• Ross Graham's self-published Draft City is a drafting and tableau-building game for 3 to 5 players that sounds like it's aimed squarely for Glory to Rome's audience, with graphic design that hearkens to the early editions of that much beloved game. (KS link) Here's an overview of gameplay:
Do you have what it takes to become the new mayor?
• To kick off the miniatures section of this round-up, Kane Klenko's Dead Men Tell No Tales from Minion Games now has an additional challenge thanks to The Kraken expansion that gives you something else to overcome aside from the enemies and guards that will thwart your efforts to loot a burning ship. The KS campaign also allows you to pick miniatures of the characters in the base game should you want to replace the wood figures. (KS link)
• I would not have guessed that the app-driven, real-time co-op UBOOT: The Board Game from Bartosz Pluta, Artur Salwarowski, and PHALANX would rack up $600k in support, but I hadn't looked at the game to see what I might be missing. A dual-level 3D game board that resembles a submarine, with 1-4 players each taking individual roles with unique powers and responsibilities? Okay, I can see why some folks would be interested in what might be described as a one-sided Captain Sonar with more depth. Yes, I just said that. (KS link)
• Another cooperative game with minis set during wartime that's on Kickstarter right now is Rambo: The Board Game from Samuel Bailey, Christopher Batarlis, Jim Samartino, and Everything Epic Games, with the game including multiple missions based on various movies in the series, but probably not the Hindi-language reboot featuring Tiger Shroff that's due out in 2018. Maybe that's in the stretch goals somewhere... (KS link)
• Yet another coop with minis on KS is The Pit: The Board Game, this being (as best as I can tell) a meatspace version of the digital game Sword of the Stars: The Pit from Kerberos Productions, with players needing to infiltrate the pit and destroy the mastermind. (KS link)
• For something that's a bit more out there — and yet familiar — in terms of subject matter, let's look at Lucky's Misadventures, a deck-building game from Jay Meyer and Great Northern Games that includes a "Dorothy Edition" as one of the backer levels (KS link):
What is your fate? Will you and Lucky find a way home, or will you stay, build your power, and become the Witchard of Oddtopia?

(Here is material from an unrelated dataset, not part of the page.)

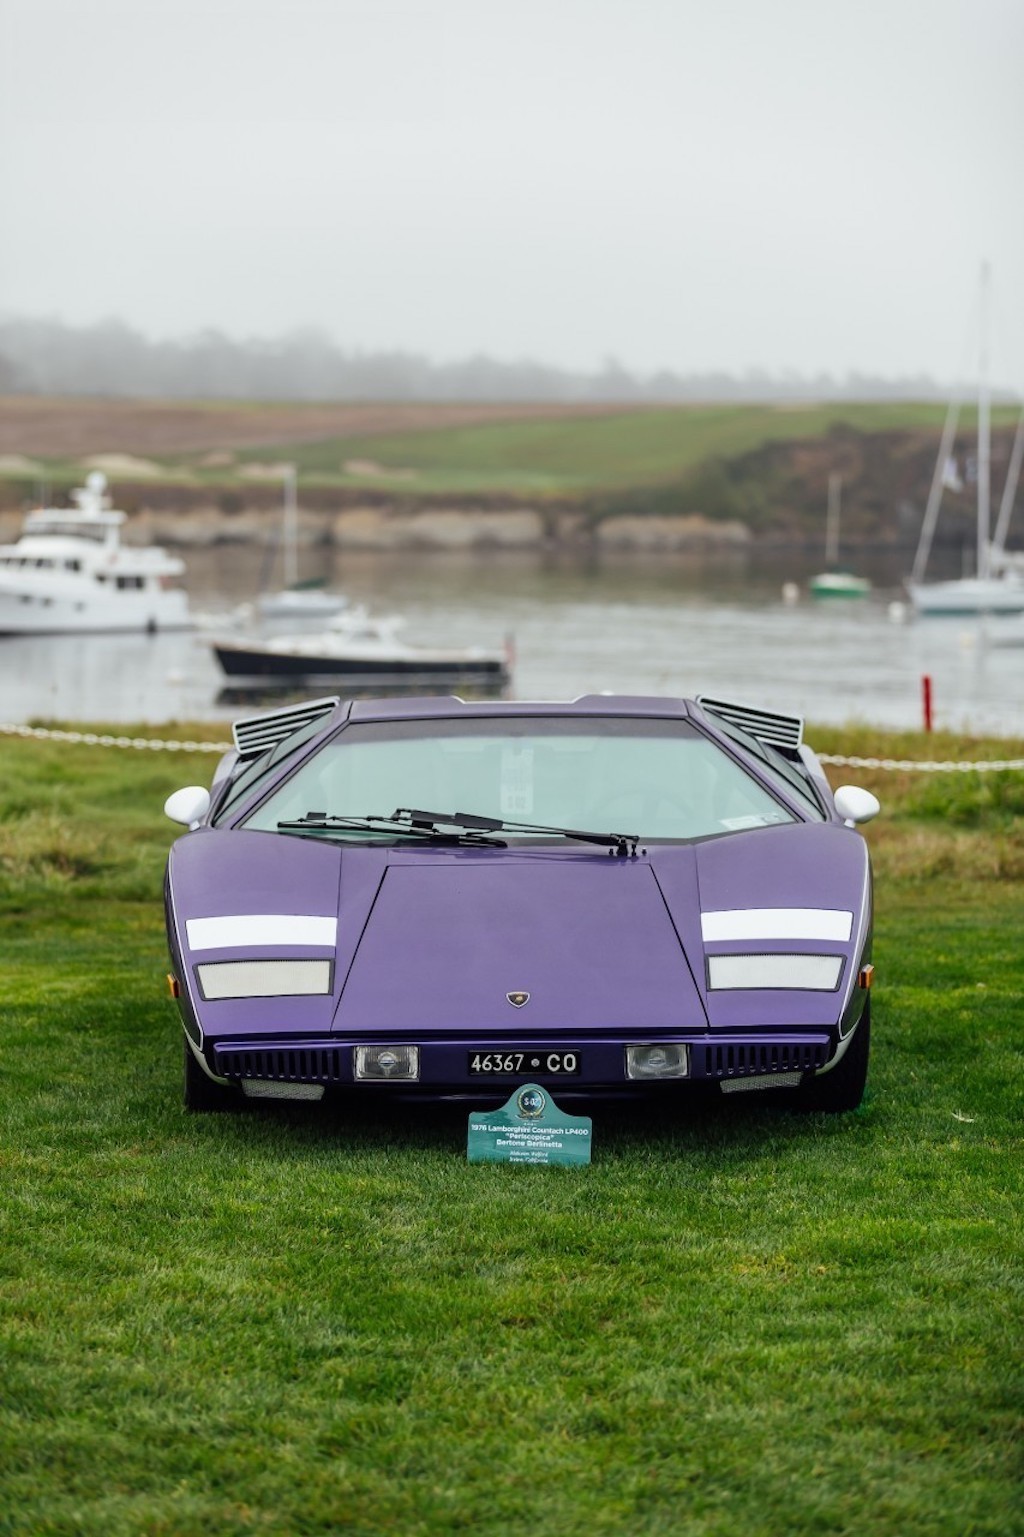 Kỷ niệm 50 năm, dàn siêu xe Lamborghini Countach “bung lụa” khoe dáng tại lễ hội quý tộc Pebble Beach Concours d'Elegance ảnh 4
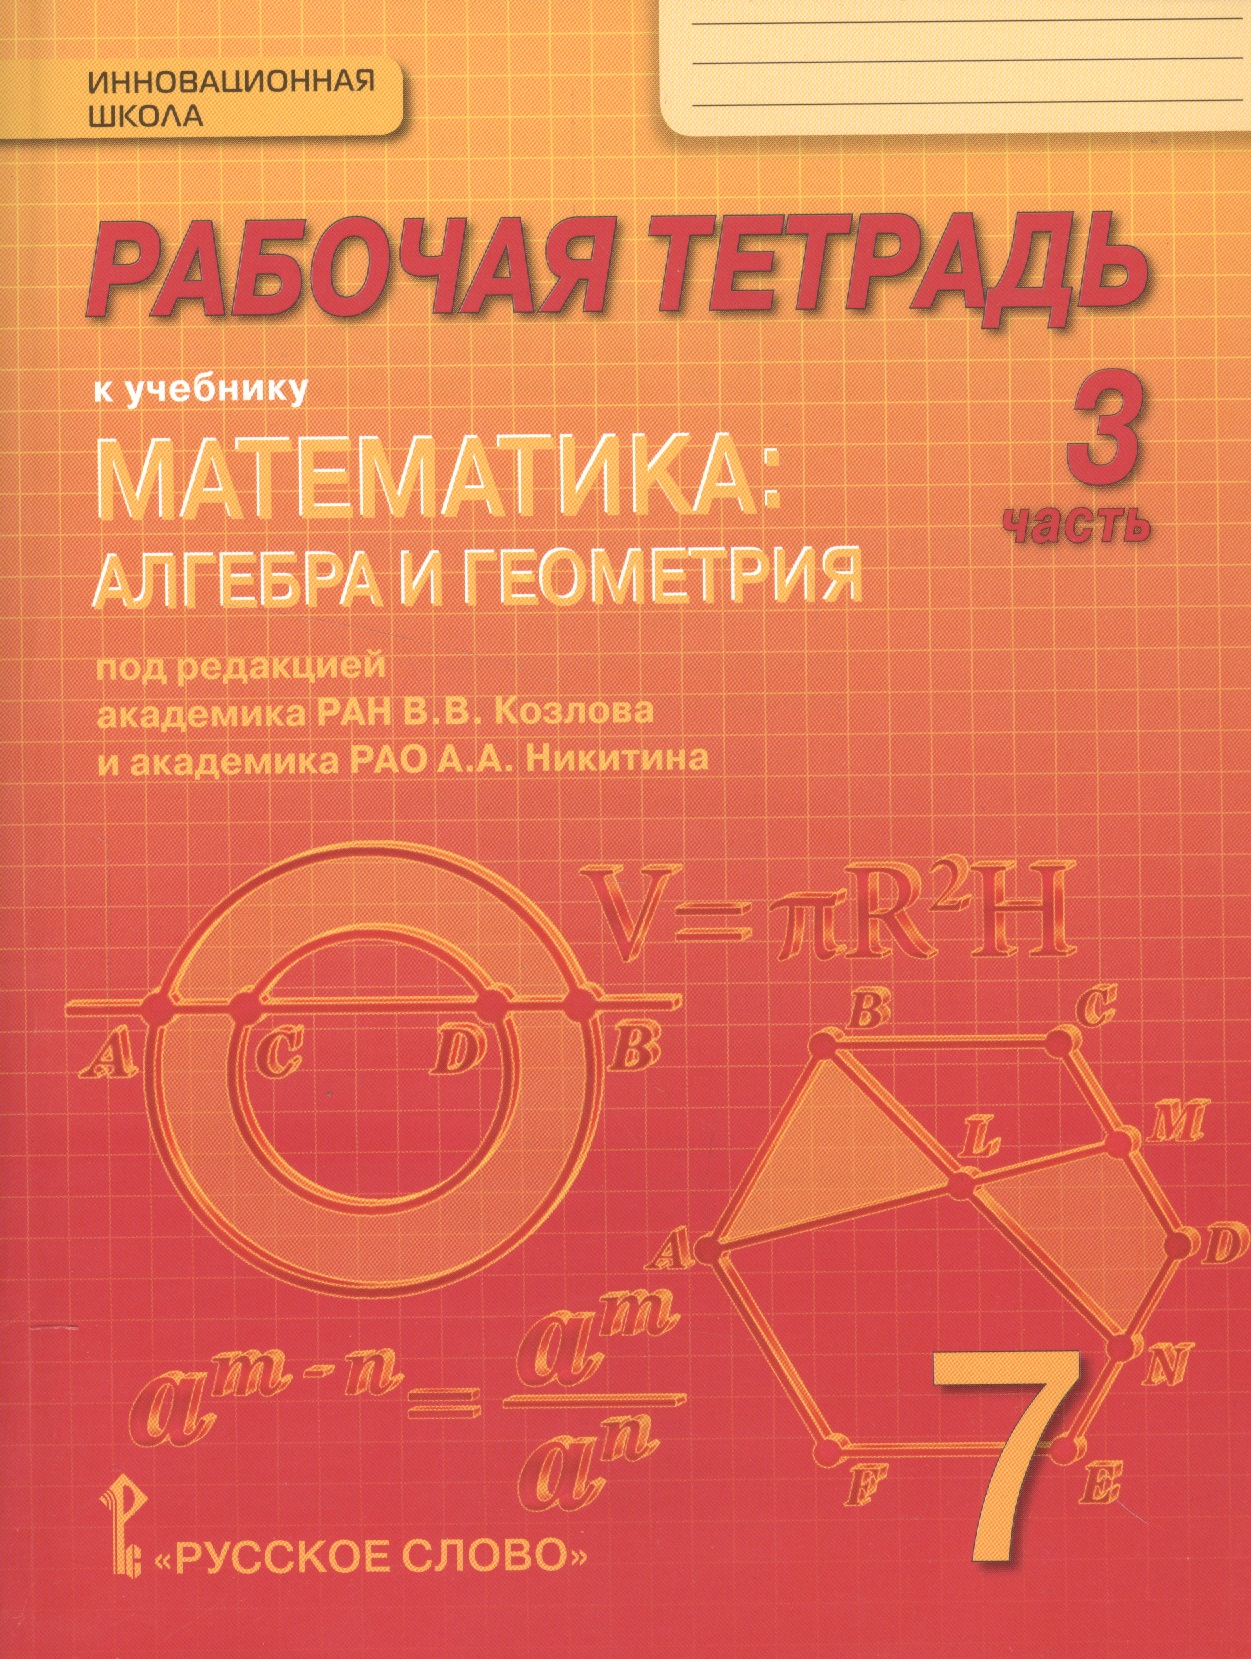 Рабочая тетрадь к учебнику Математика: алгебра и геометрия. 7 класс, 3 часть

• The weirdest thing about Kickstarter projects for me is that sometimes I hear about a game's launch, and I think, wait, that game isn't out yet? BGG recorded an overview of Brian Kelley's The Scarlet Pimpernel from Eagle-Gryphon Games at the GAMA Trade Show in March 2017, and the game has only now hit the KS circuit, with a delivery date in November 2018. (KS link) I know that development takes time, but nowadays it seems like the promotion and marketing of a game lasts longer than the amount of time it will stay available on retail shelves.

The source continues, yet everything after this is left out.